Legal Business discusses working in a US firm and predictions for the market with Ropes & Gray‘s star private equity partner Phil Sanderson.

Why did you decide to join Ropes & Gray?

Ropes is an international private equity practice of some substance. The Ropes strategy is very much built around acting for sophisticated investors. When I met them over the course of some time I was convinced that their platform was the right one for me and that they understood me when I was talking about my private equity practice in Europe.

How competitive is the UK market at the moment?

Increasingly private equity has become a more mature asset class with different strands, so not just pure buyout work – it could be special situations work, long term work, infrastructure work, debt funds. All of these platforms mean the advice private equity houses are looking for from its core providers is much more sophisticated than just the relationship with the key private equity partner.

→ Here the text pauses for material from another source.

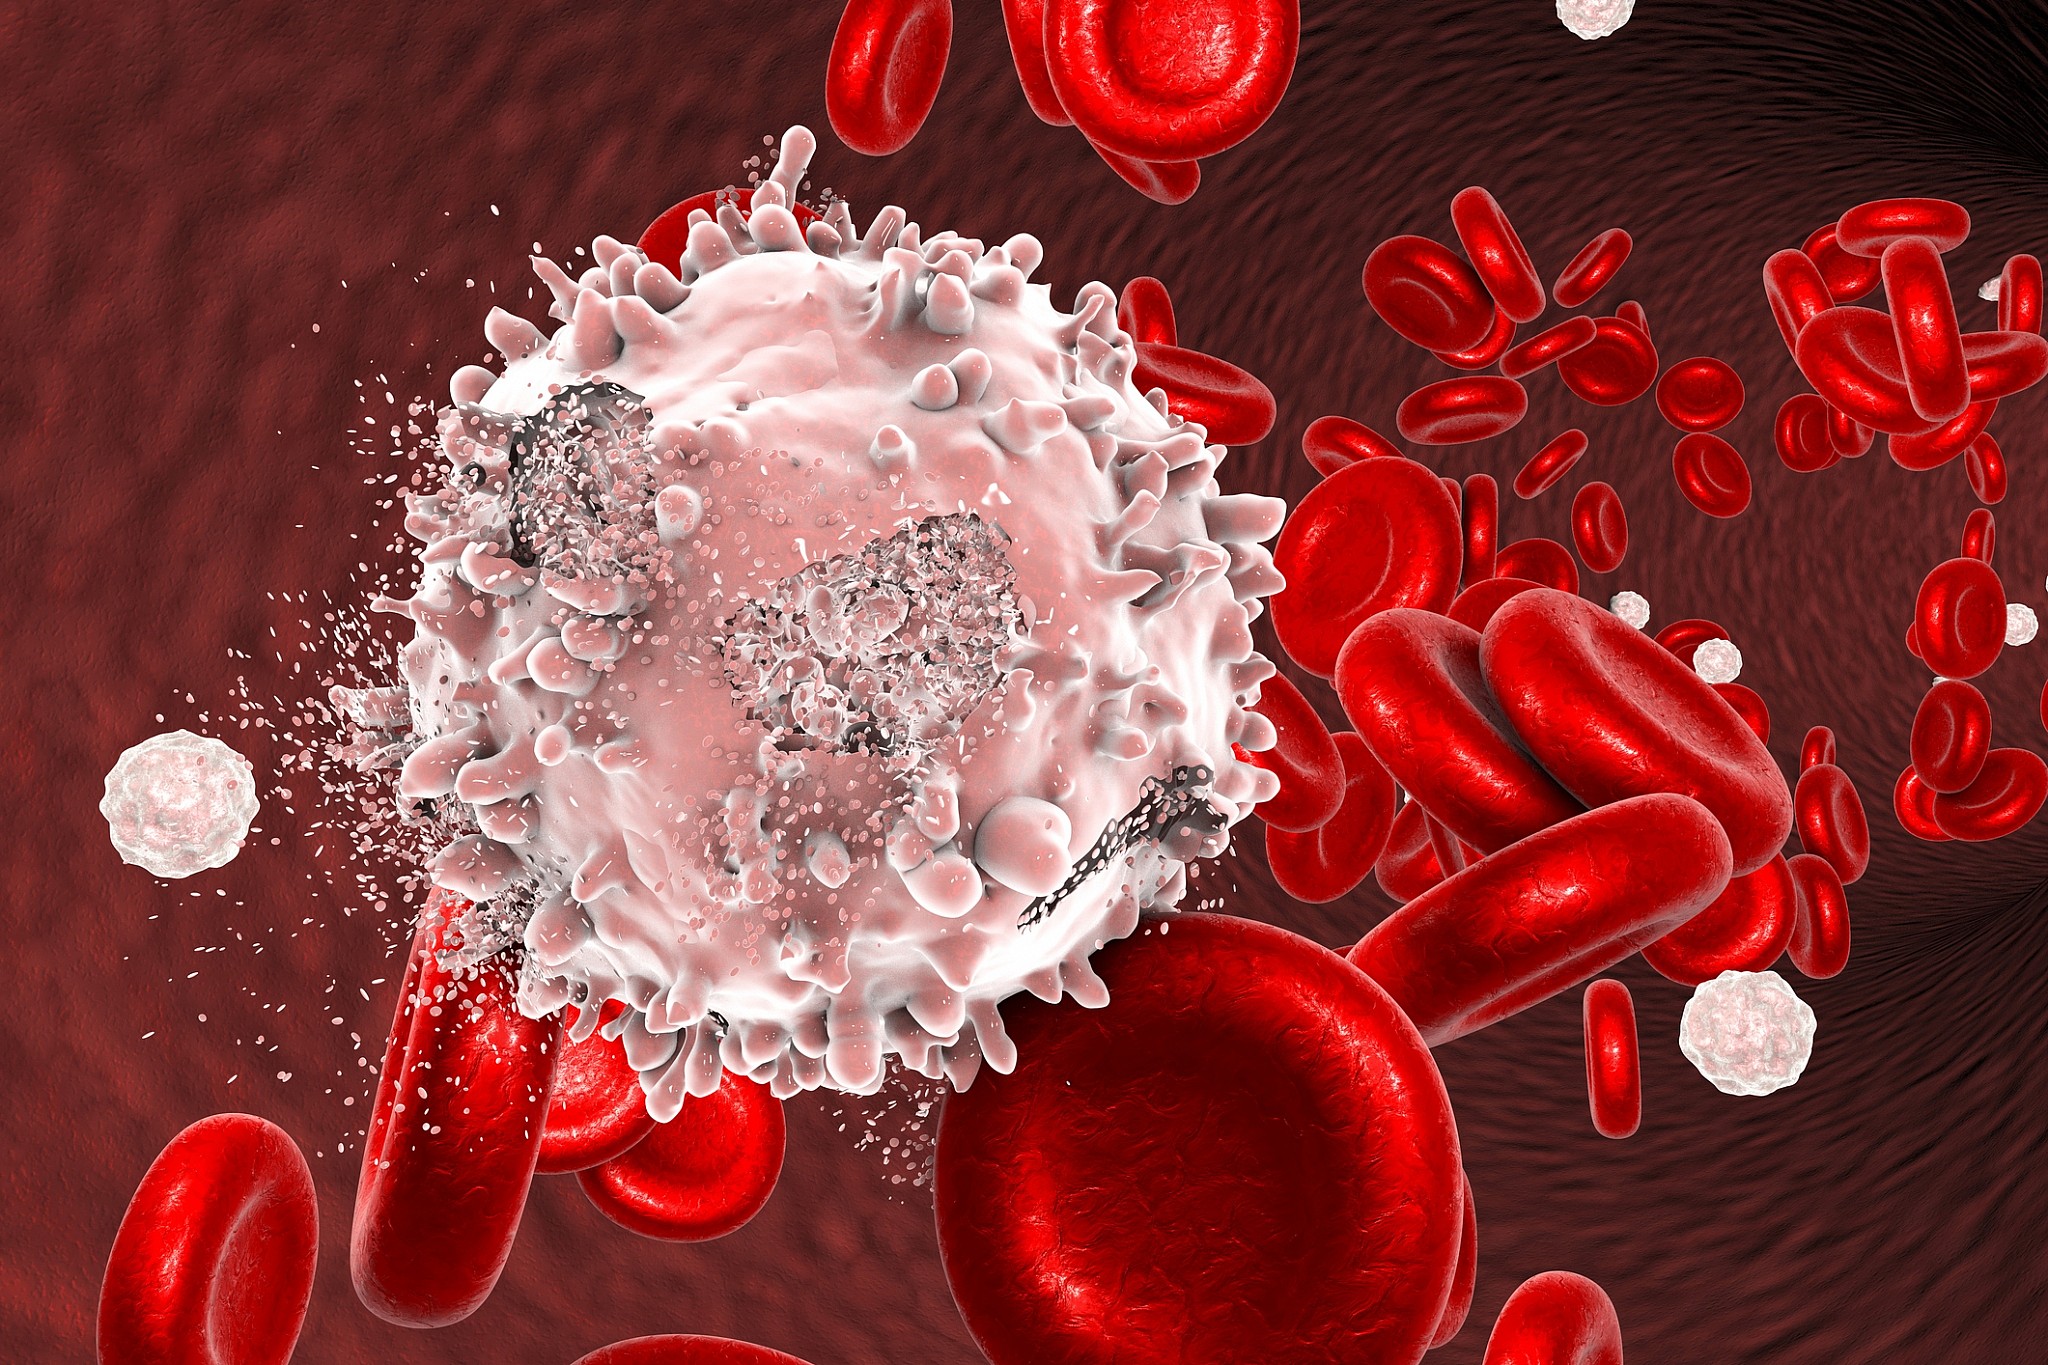 Tìm hiểu về bệnh ung thư máu ở trẻ em sống được bao lâu để chẩn đoán bệnh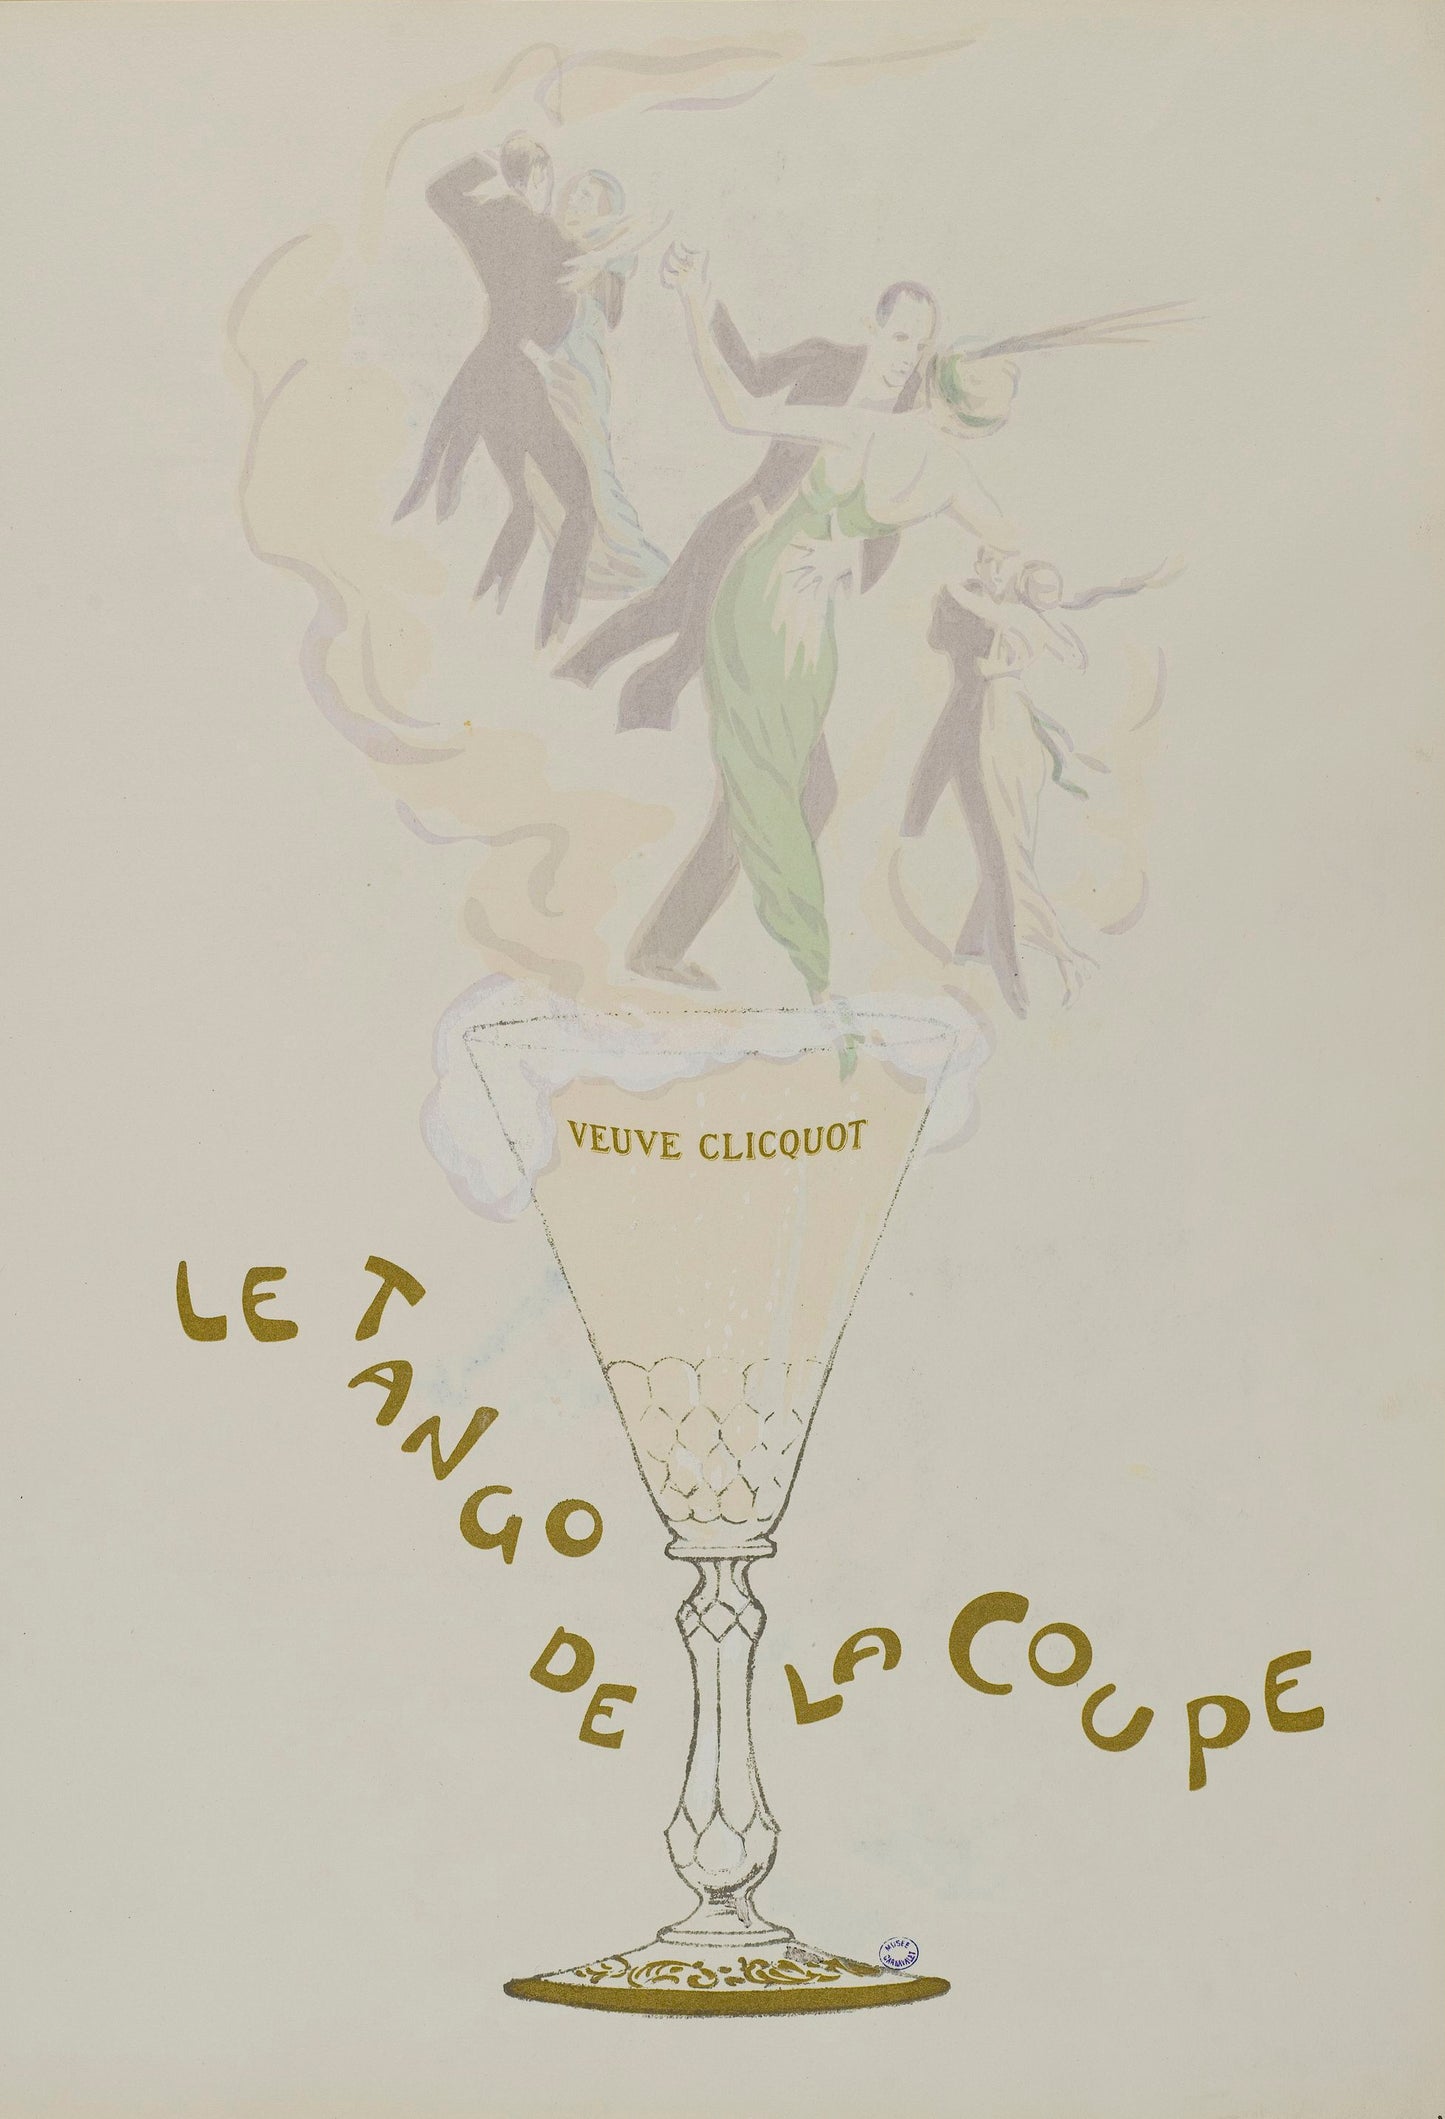 Vintage Veuve Clicquot Champagne poster “Le Tango de la coupe” (1900s) | Georges Goursat Posters, Prints, & Visual Artwork The Trumpet Shop

It means that there are fewer firms that can provide that kind of service.

What are the key trends in the private equity market?

This year will be a strong M&A/private equity year. A certain number of deals have been pushed into 2017 because of the Brexit referendum that meant that certain processes were delayed. But after the summer clients were saying “let’s get on with those deals”. At the same time there’s a dynamic where sellers who would have been selling their businesses in 2018 are starting to say “isn’t 2017 going to be a better year?” Because some of the unknowns about the market will become clearer and that may make it slightly more risky to hold off selling.

You were at Travers Smith, what’s the difference between working for a US firm and a UK firm?

It is almost inevitable working at an American firm that you have to break through the barriers of some of the silos that are created within law firms. Because to make an international law practice work, you have to look at clients and sectors and look at where each geography, each practice area can add value to that particular client or that particular sector. That almost has to happen to make an international American firm work well.

Should UK firms be worried about US firms making an impact in the market?

Yes. We’re already seeing signs of UK firms struggling and failing. The high class silver circle firms can thrive in the market that we have but they will have to be very thoughtful about how they move forward, about the international piece, about how they can provide the full international level of service to their particular global sectors.

What piece of advice would you give to new associates coming through?

To find opportunities as much as possible, to look beyond the day-to-day legal work and understand exactly what clients are asking for and potentially what they should be asking for.

What will Maurice Allen’s departure mean for Ropes?

He’s already done so much for Ropes. His legacy is strong. There are lots of people, like me, who will take on the baton for the next generation as well.